The first scoring system allocated one point for the presence of each of the six OED features which were associated with a greater incidence of transformation and recurrence (bulbous/drop shaped rete pegs, hyperchromatism, loss of epithelial cohesion, loss of stratification, suprabasal mitoses, nuclear pleomorphism). Since the hazard ratios for these features (Table 4) are reasonably similar, each feature is allocated equal weight.

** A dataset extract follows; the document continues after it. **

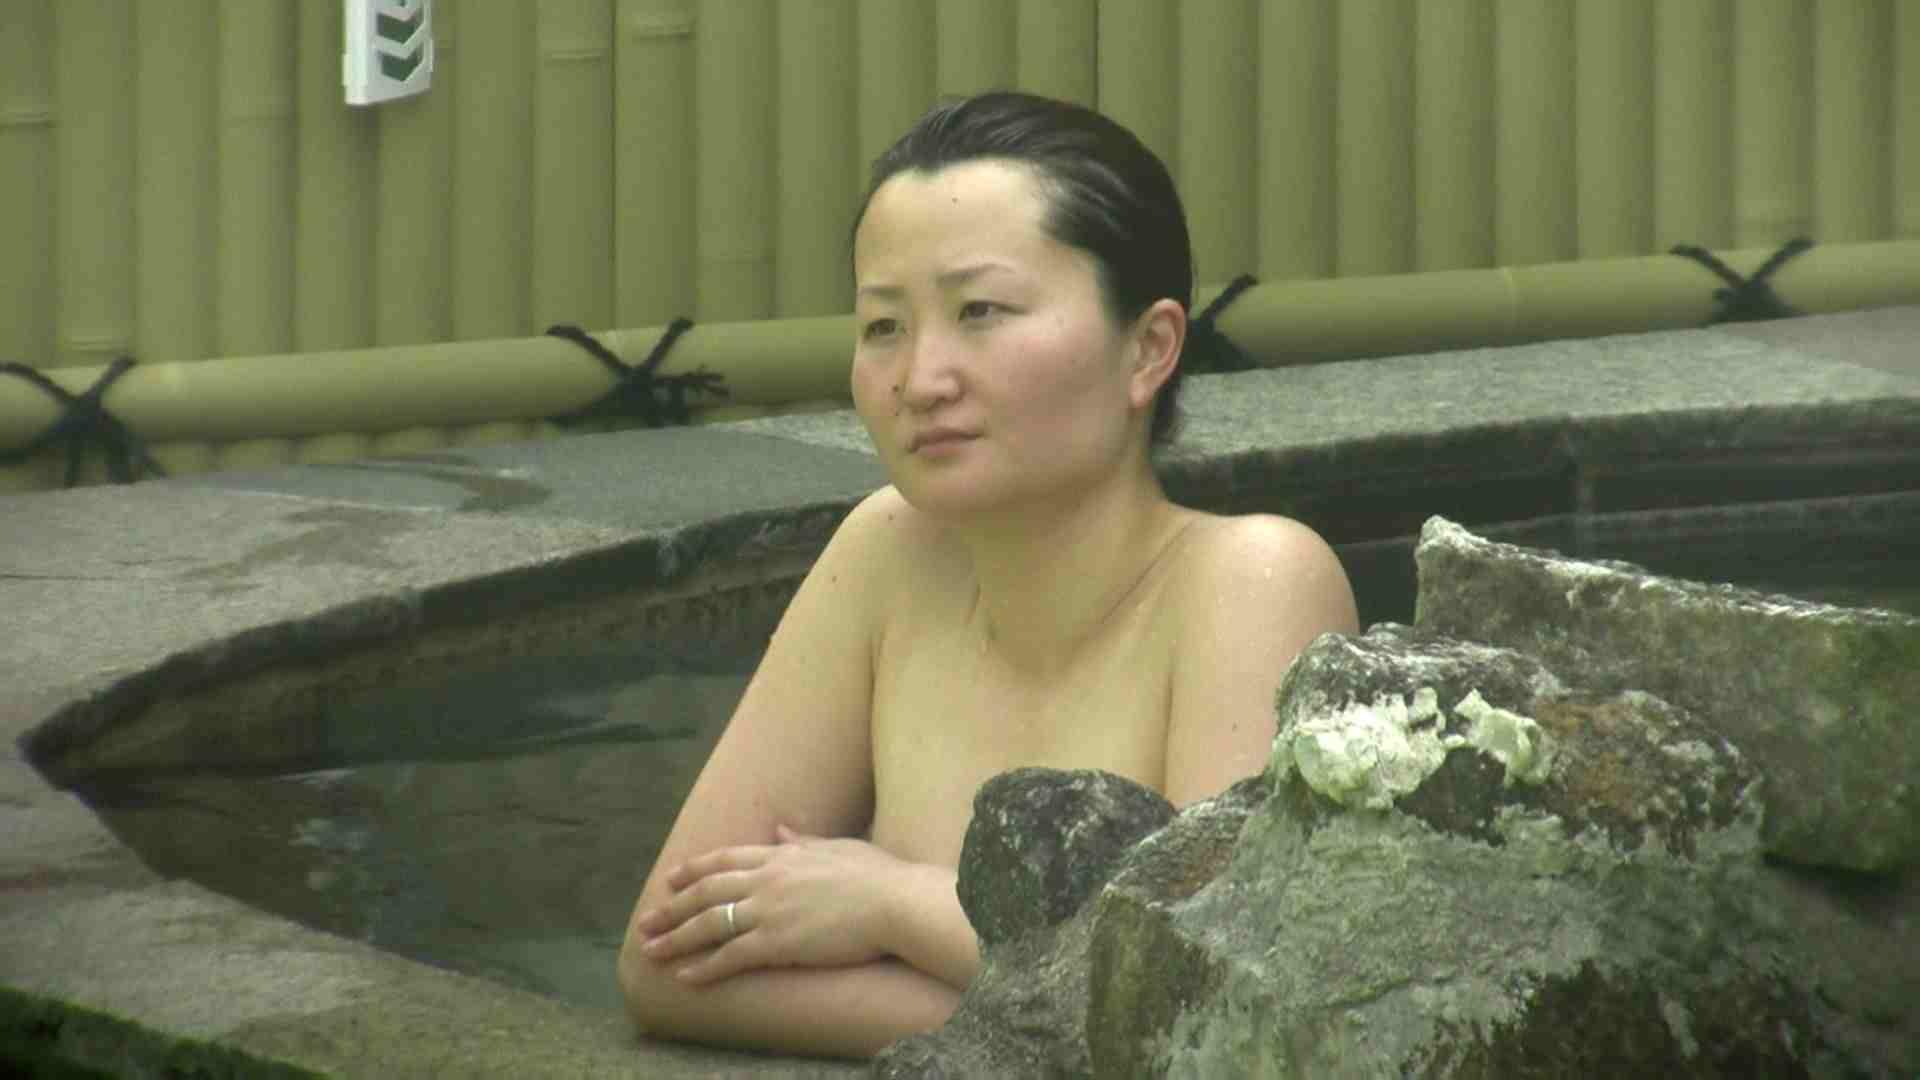 Aquaな露天風呂Vol.632 盗撮シリーズ | 露天風呂編  100PIX 13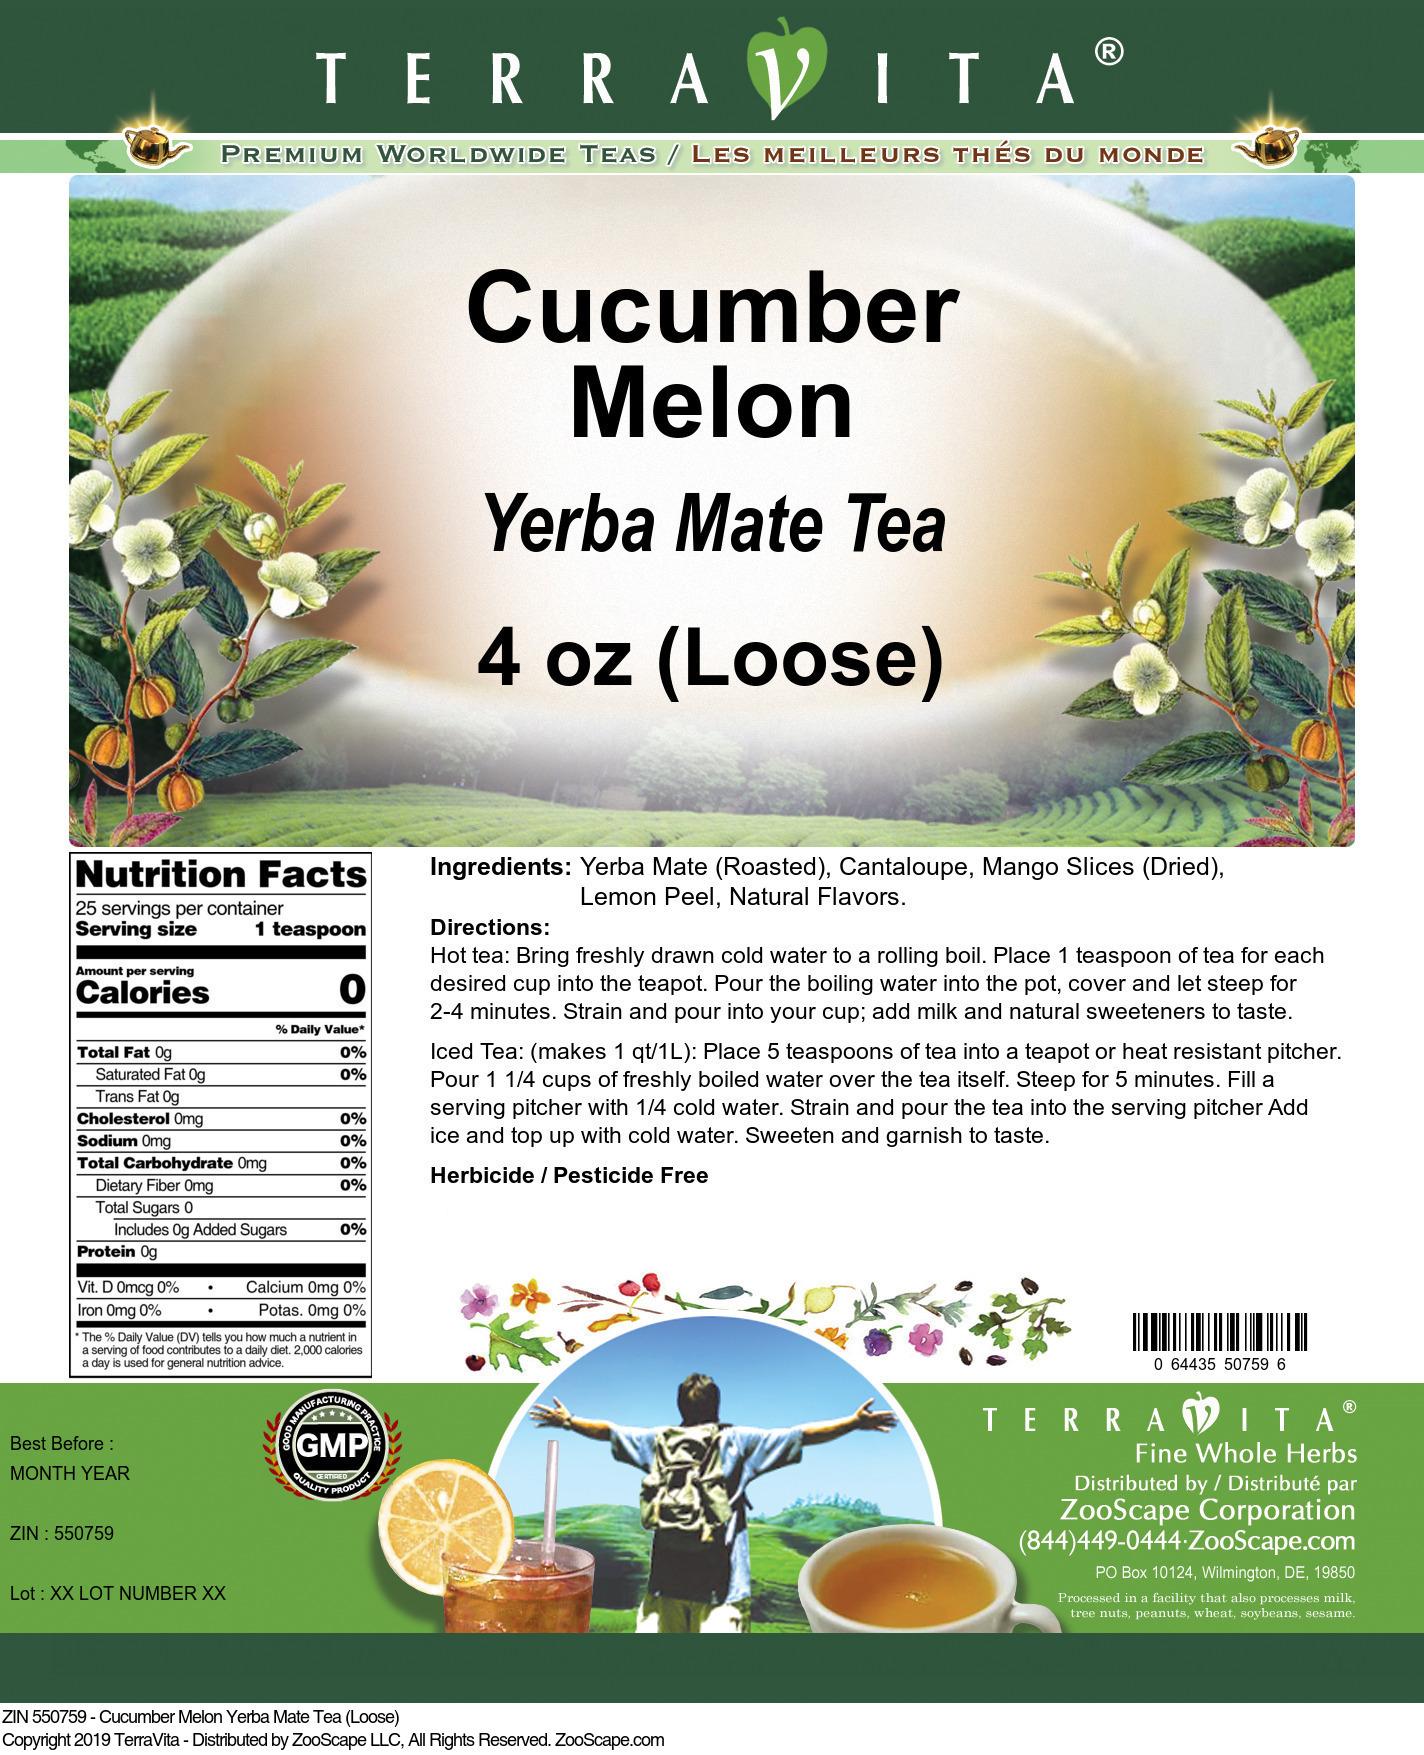 Cucumber Melon Yerba Mate

Figure 1A and B (see Supplementary Material) present the Kaplan–Meier survival curves for time to transformation and time to recurrence in relation to the number of features present using the six-point scoring model. The predicted transformation rate at 2 years is estimated at 2% (95% CI 0–16%) for 0–1-point scoring, 0% for 2–3-point scoring and 31% (95% CI 19–48%) for 4–6-point scoring. At 5 years, these figures increase to 5% (95% CI 1–18%) for 0–1-point scoring and 38% (95% CI 25–55%) for 4–6-point scoring; there is no change in the rate for 2–3-point scoring (0%). For recurrence of OED, the respective predicted rates at two and five years were shown to be: 5% (95% CI 1–18%) and 7% (95% CI 2–21%) for 0–1-points; 3% (95% CI 0–22%) and 7% (95% CI 2–25%) for 2–3-points; 36% (95% CI 23–53%) and 49% (95% CI 34–65%) for 4–6 points. The lower recurrence and transformation rate seen for 2–3-point scoring compared to 0–1 points is unexpected but is likely to be related to the much lower number of cases in the 2–3 point category compared to the others. Validation on a more balanced larger cohort would be useful to determine the significance of these findings.

Fig. 1
figure 1

Kaplan–Meier curves for time to transformation and recurrence for feature count based on the six-point scoring system (A, B) and the two-point scoring system (C, D).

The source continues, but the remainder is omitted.